Envoy Textiles is set to raise Tk 87 crore by issuing non-convertible cumulative preference shares in order to bring sustainable finishing machine and build captive power.
The preference share would be fully redeemable, with a tenure of five years. The shares would be issued to banks, insurance companies, institutional investors and eligible investors.
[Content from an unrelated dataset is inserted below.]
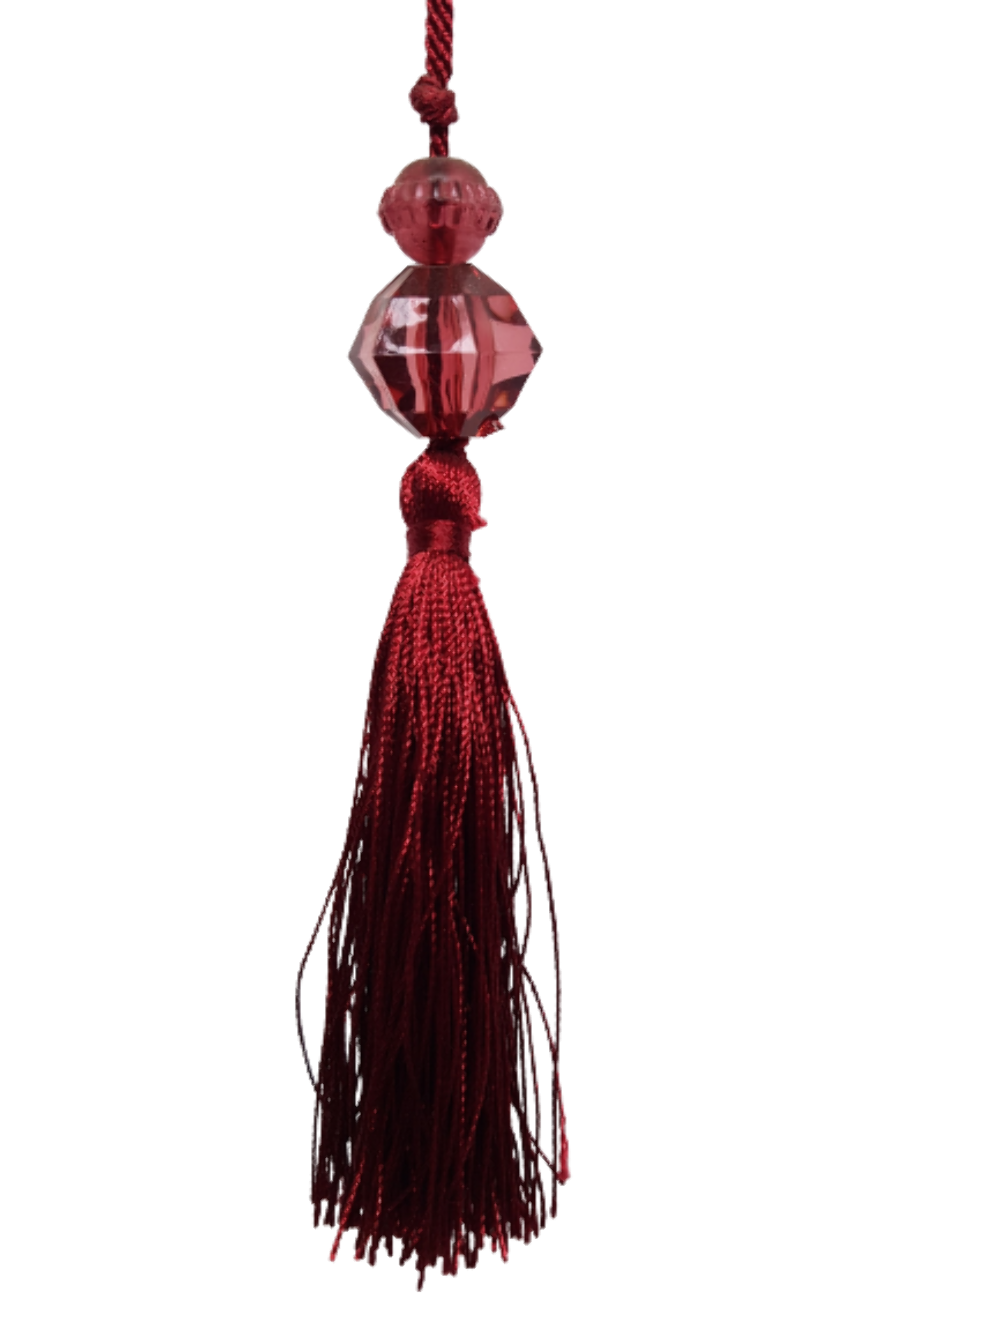 Small Tassel with Bead - Red Wine - Brand New - Decorative Tassel for Antique Key or Door SmRW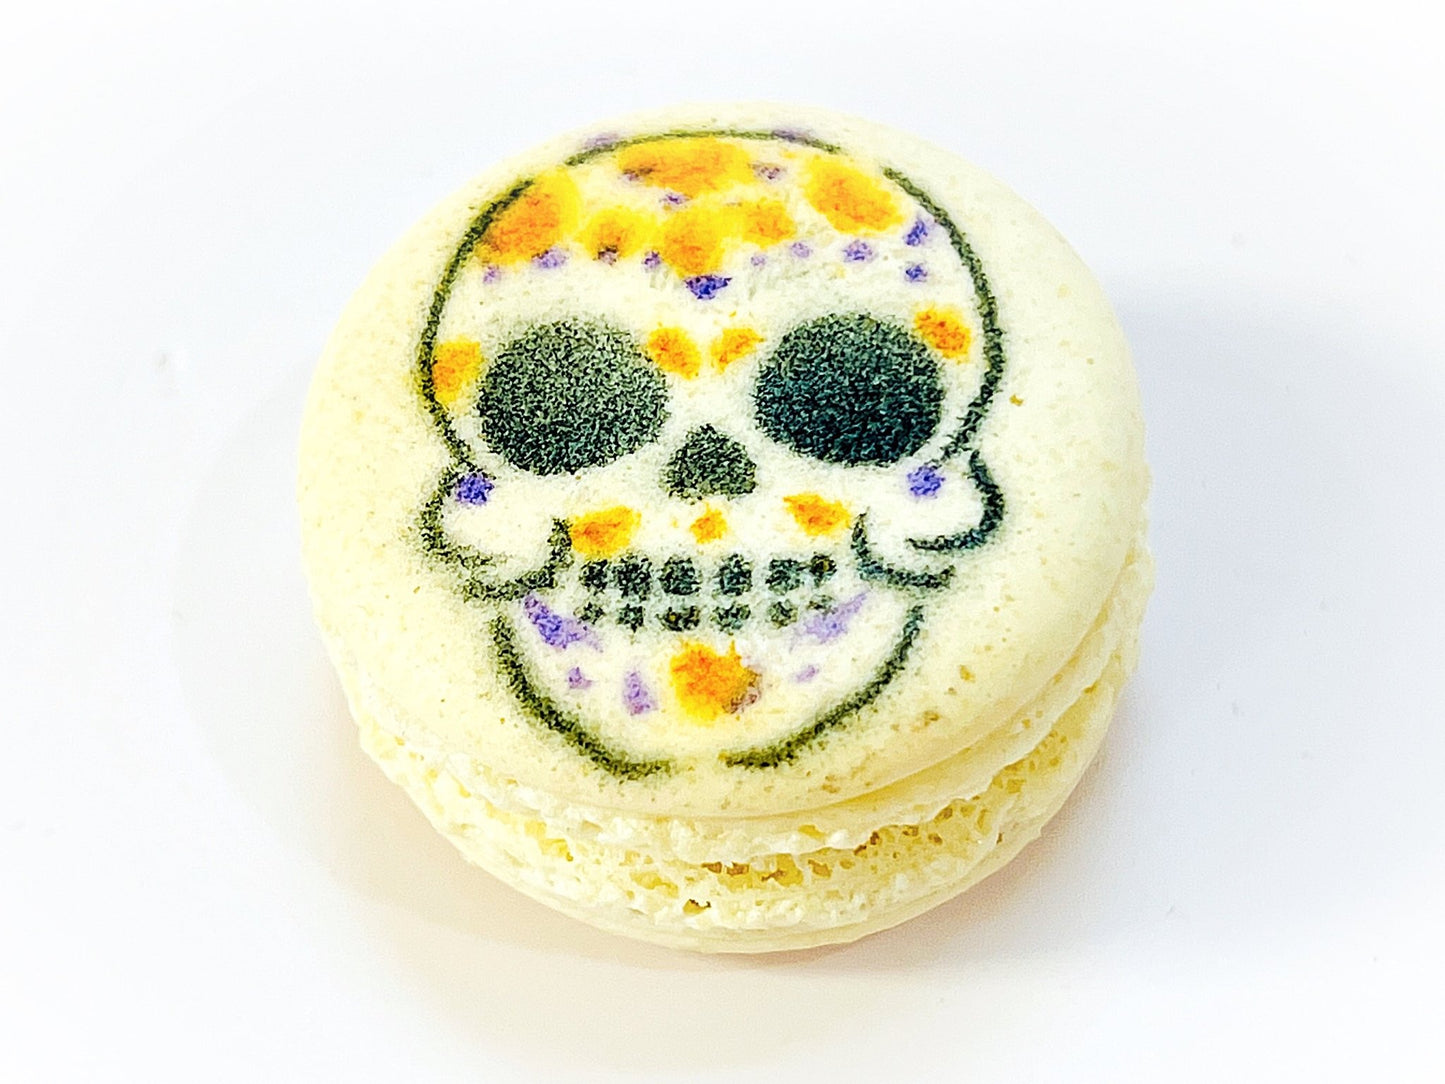 Day of the Death French Macaron V.3 - Macaron Centrale6 Pack

The face value of the preference shares would be Tk 1 crore for institutional investors and Tk 50 lakh for eligible investors.
The Bangladesh Securities and Exchange Commission yesterday gave Envoy Textile, which made its debut on the stock exchange in 2012, the go-ahead to issue the preference shares.
“We will utilise the fund to purchase sustainable finishing machine where chemical would be used at a very low level,” said Kutubuddin Ahmed, chairman of Envoy Textile.
The other funds would be used in forming captive power of 10 megawatts and repayment of short-term loan, Ahmed said.
Envoy’s profit after tax shot up 68 per cent year-on-year to Tk 55.4 crore in the 2018-19 financial year. During the period, its revenue increased 20.6 per cent to Tk 911.85 crore.
Asked about the impact of the coronavirus pandemic on Envoy Textile, Ahmed said they are lucky that they brought in raw materials in hordes before the virus spread.
On the other hand, the textile maker imports only 15-20 per cent of its requisite cotton from China, which can be brought from India though but at a higher cost.
“However, if the epidemic continues for long it will impact all textile companies. And the woven garment makers would be impacted the most,” he added.
The news of the announcement though failed to cheer the market: shares of Envoy Textile closed 0.40 per cent higher at Tk 24.80 yesterday.